September 28th, 2011 | 3 Comments | Posted by in Handy tools and technology, Mobile

For the past 18 months Neal Augenstein, a reporter with Washington DC’s all news radio station WTOP, has carried out all his field reporting from his iPhone and iPad.

Like many radio reporters Augenstein is also shooting and editing video, taking photos and tweeting from the scene of news stories he covers. All the audio, video, audio, photos and scripts he produces are created and edited on his two devices.

A year and a half in, we spoke to him to find out how he is finding the experience. He said he finds the iPhone more valuable than the iPad and tends to produce his live and pre-recorded audio reports on his phone, but writes scripts on his tablet.

Asked how it has changed his job, Augenstein told Journalism.co.uk:

It’s certainly made things a lot easier for me in terms of being able to put my laptop away and all the heavy equipment such as the cables, microphones, recorders, all the cameras that I was using.

There are some challenges to that, for instance, how do you put an iPhone on a podium for a news conference?

Another hurdle he has had to overcome is how to cope with the iPhone being susceptible to wind noise.

So what are his tips on apps and techniques for this form of reporting?

1. 1st Video – Augenstein uses this video recording and editing app for both his video and audio work. It allows multitrack editing and sharing but those familiar with PC or Mac audio and video editing will need to learn a few new swipes and pinches. Here is Journalism.co.uk’s guide on how to shoot and edit video using this app.

2. Ustream – He uses Ustream for livestreaming video, often in breaking news situations. Other app options for free livestreaming include Bambuser and Qik.

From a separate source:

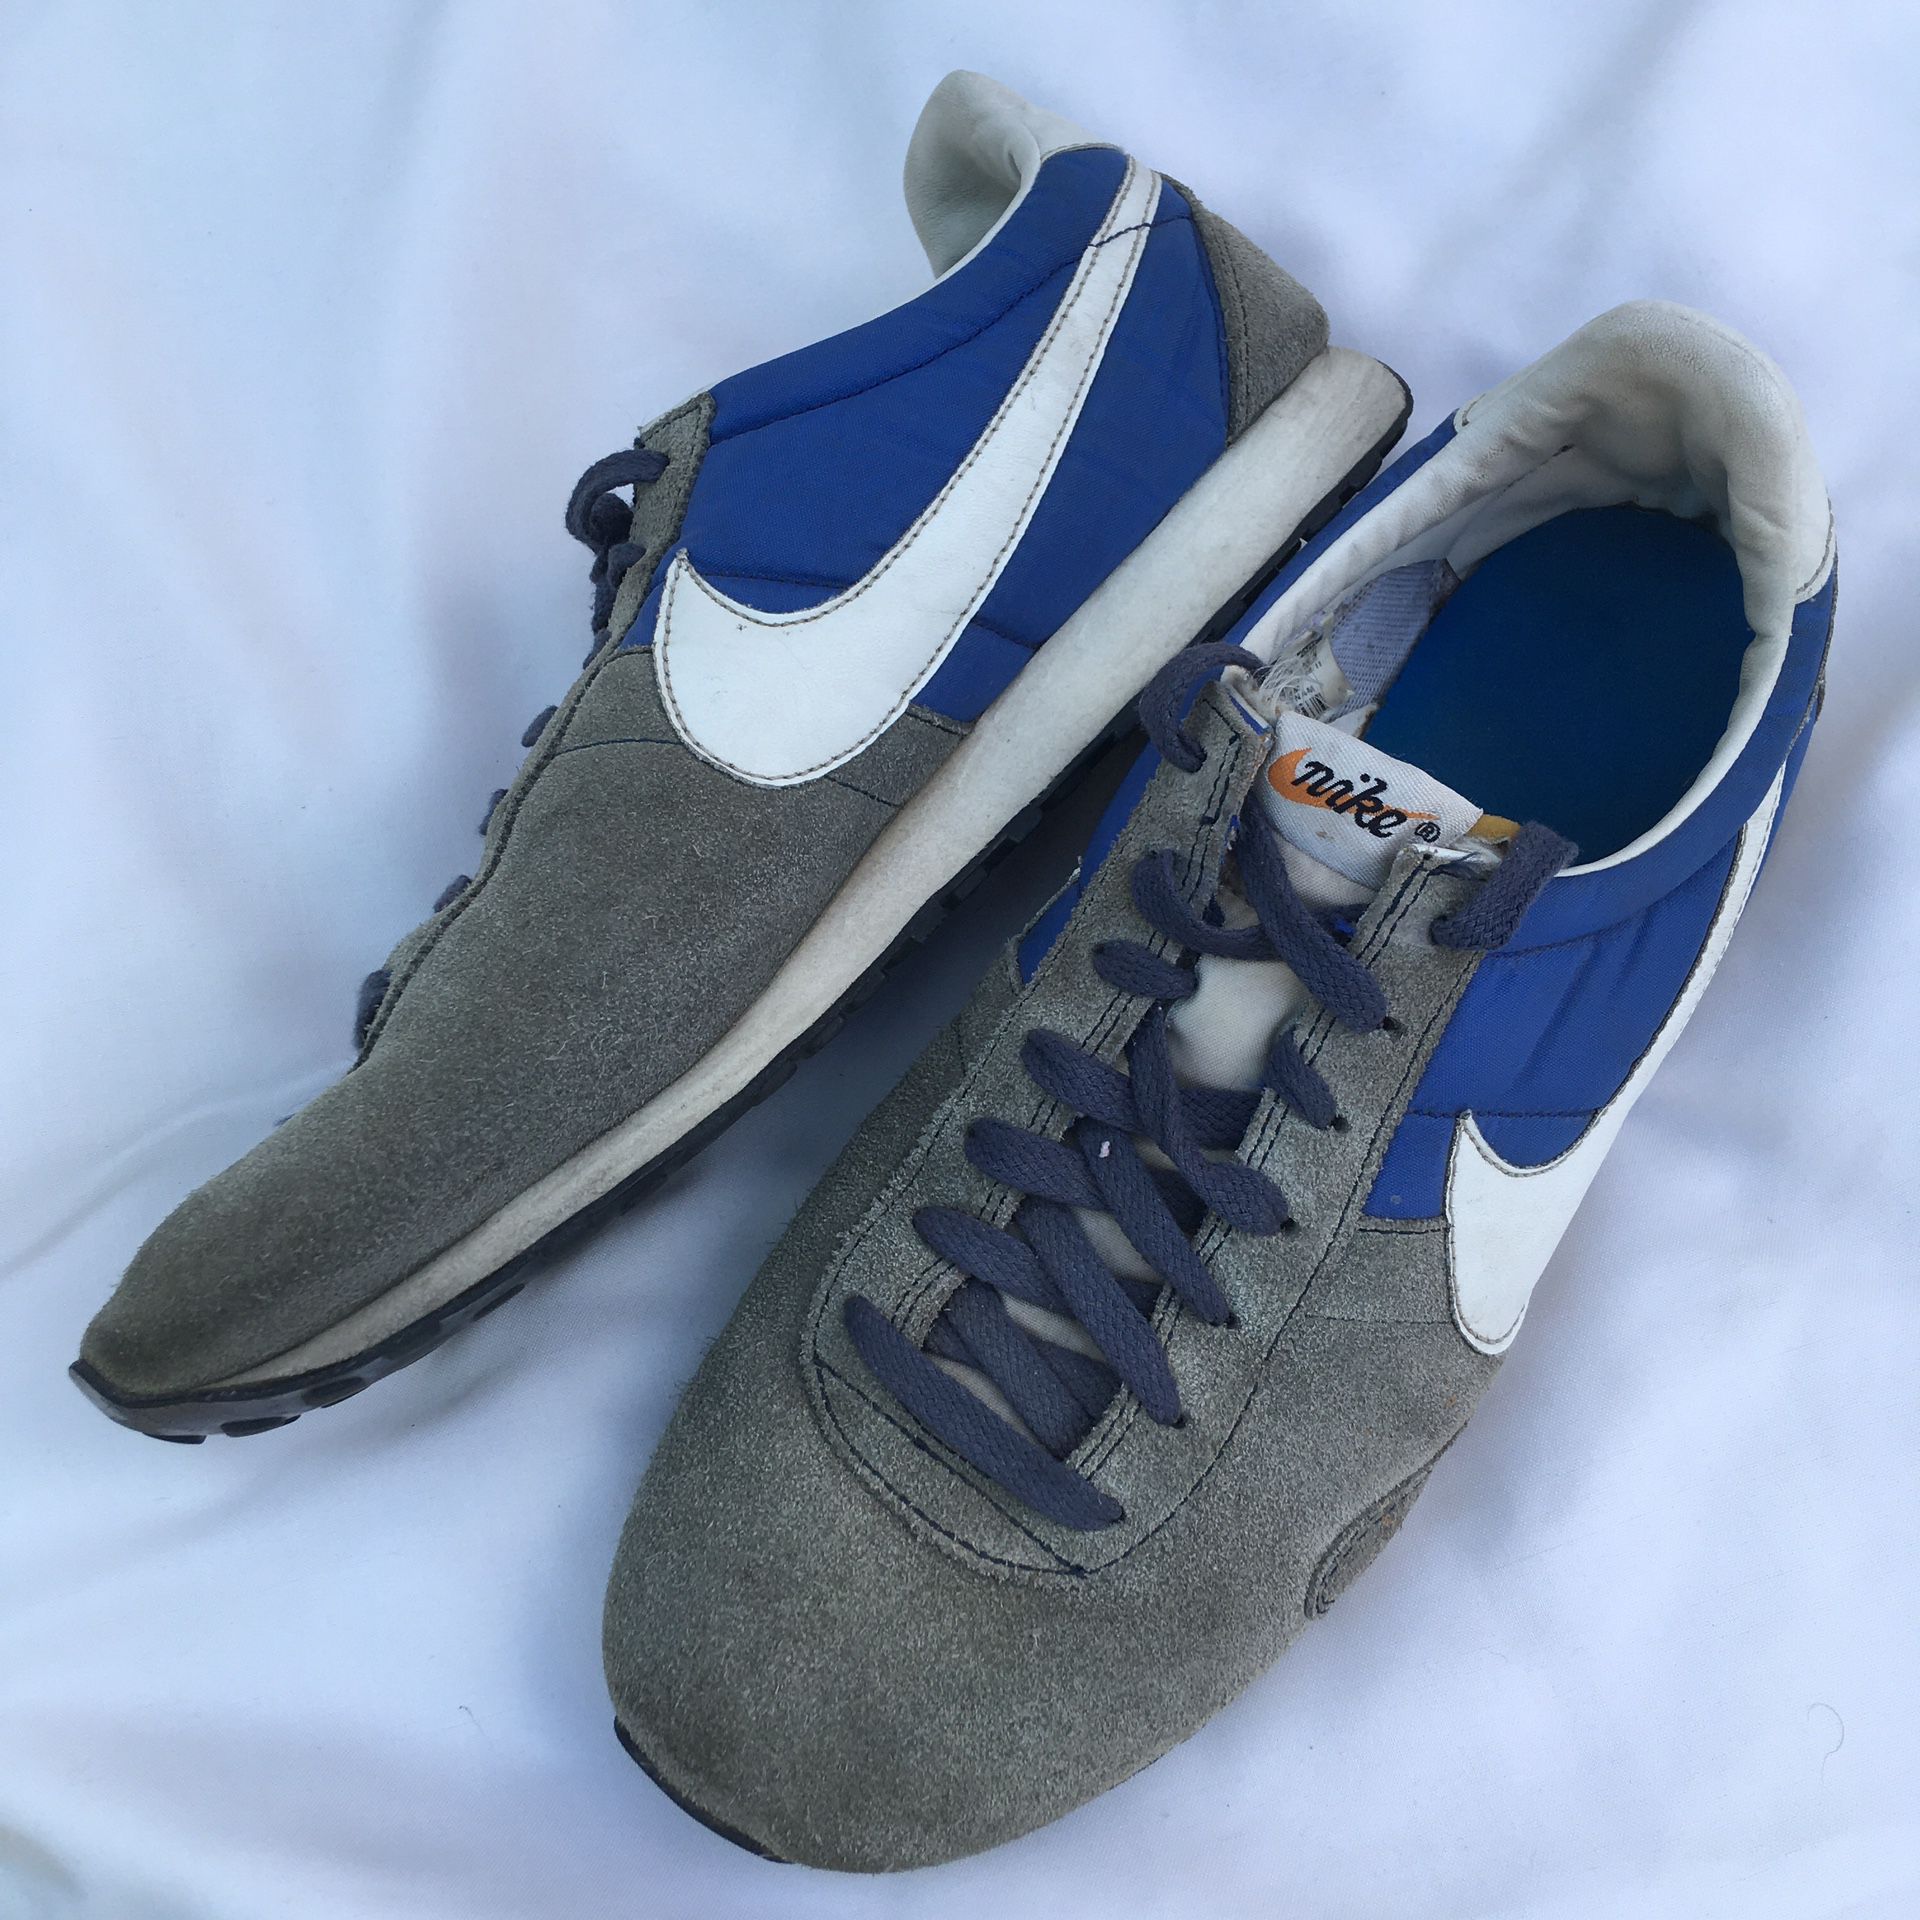 Nike pre Montreal racer shoes men's 10.5 waffle bottom blue 512538-419 for Sale in Norwalk, CA -

3. Skype is used by Augenstein for live reporting, rather than a phone line. He says he finds Skype “a robust way to communicate for a live report”.

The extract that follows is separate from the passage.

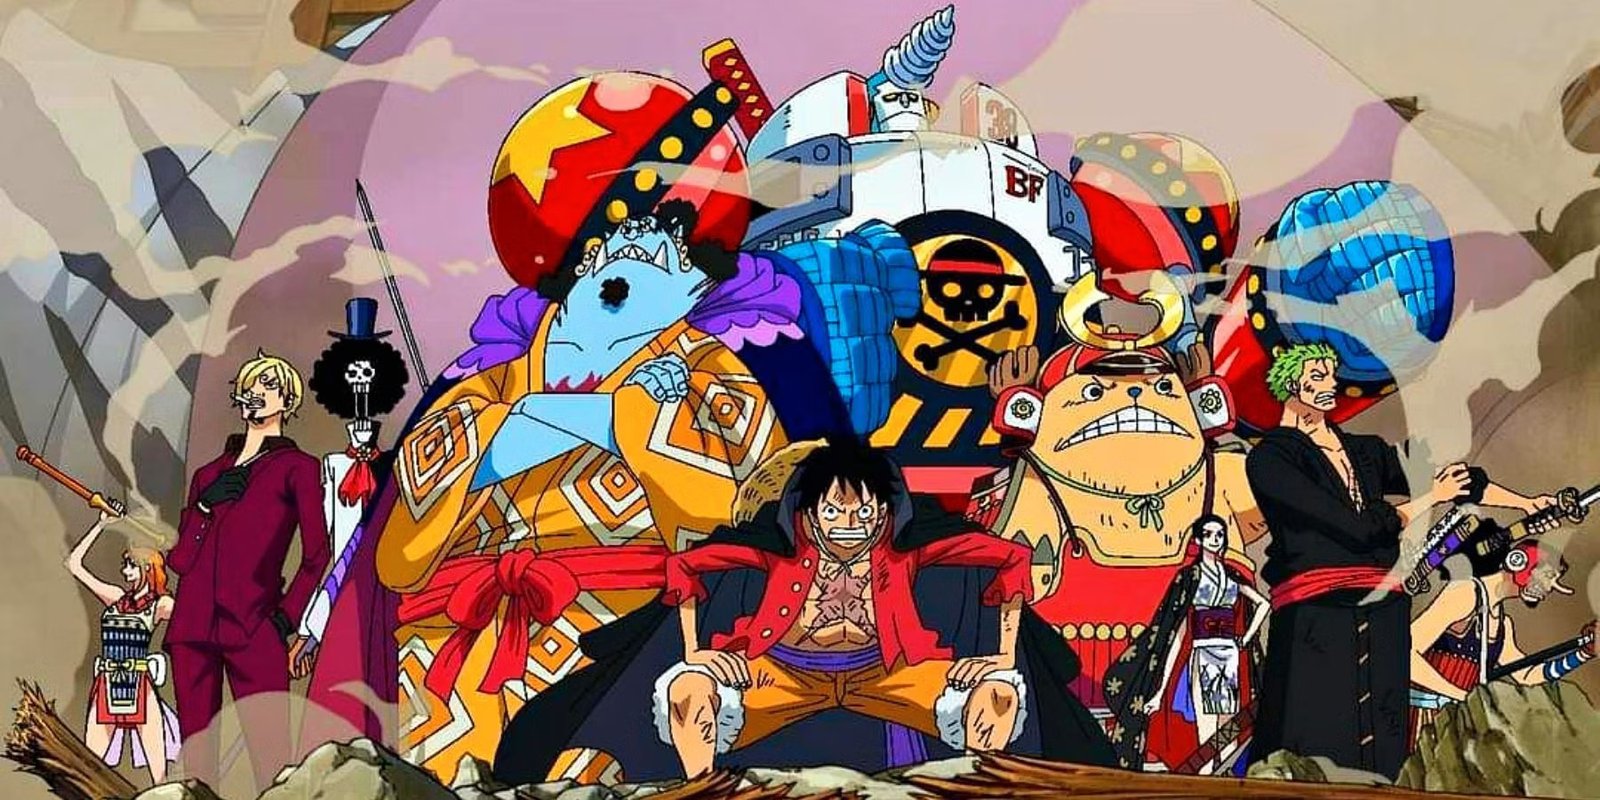 On Skypiea arc of One Piece. It's my 4th favorite Manga, amazing cast of  characters, unique artstyle, and the story is amazing. Unlike most, I'd say  this series gets better the more

One of our goals is the elimination of cell phone-quality recordings from our broadcasts.

Another recommendation from Augenstein was to take the audio from a live video stream, although you cannot have a two-way interview, between the reporter and studio presenter (although you could perhaps do this if you had two phones, one to livestream from and one to listen to the presenter, or if you have a radio to hear the station output, providing there was no delay in transmission).

4. Camera Plus – The WTOP reporter uses this app, also available for Android and BlackBerry, to tweak and edit photos.

5. Spend wisely. Augenstein uses the iPhone’s built in microphone.

There are ways you can plug in other microphones but my goal is trying to minimise the amount of accessories that I need.

As for setting up shots, Augenstein has got a Gorilla iPhone tripod, but opts for handheld shooting for video.

As a radio station our video does tend to be rather rudimentary. Getting a steady shot is important but our web videos are generally not produced, voicetracked packages. What we’re trying to do is work on the synergy between the on air product and the website and the social. If the radio report has sound bites of a person speaking, the website and the video is supposed to complement rather than duplicate what is in the report.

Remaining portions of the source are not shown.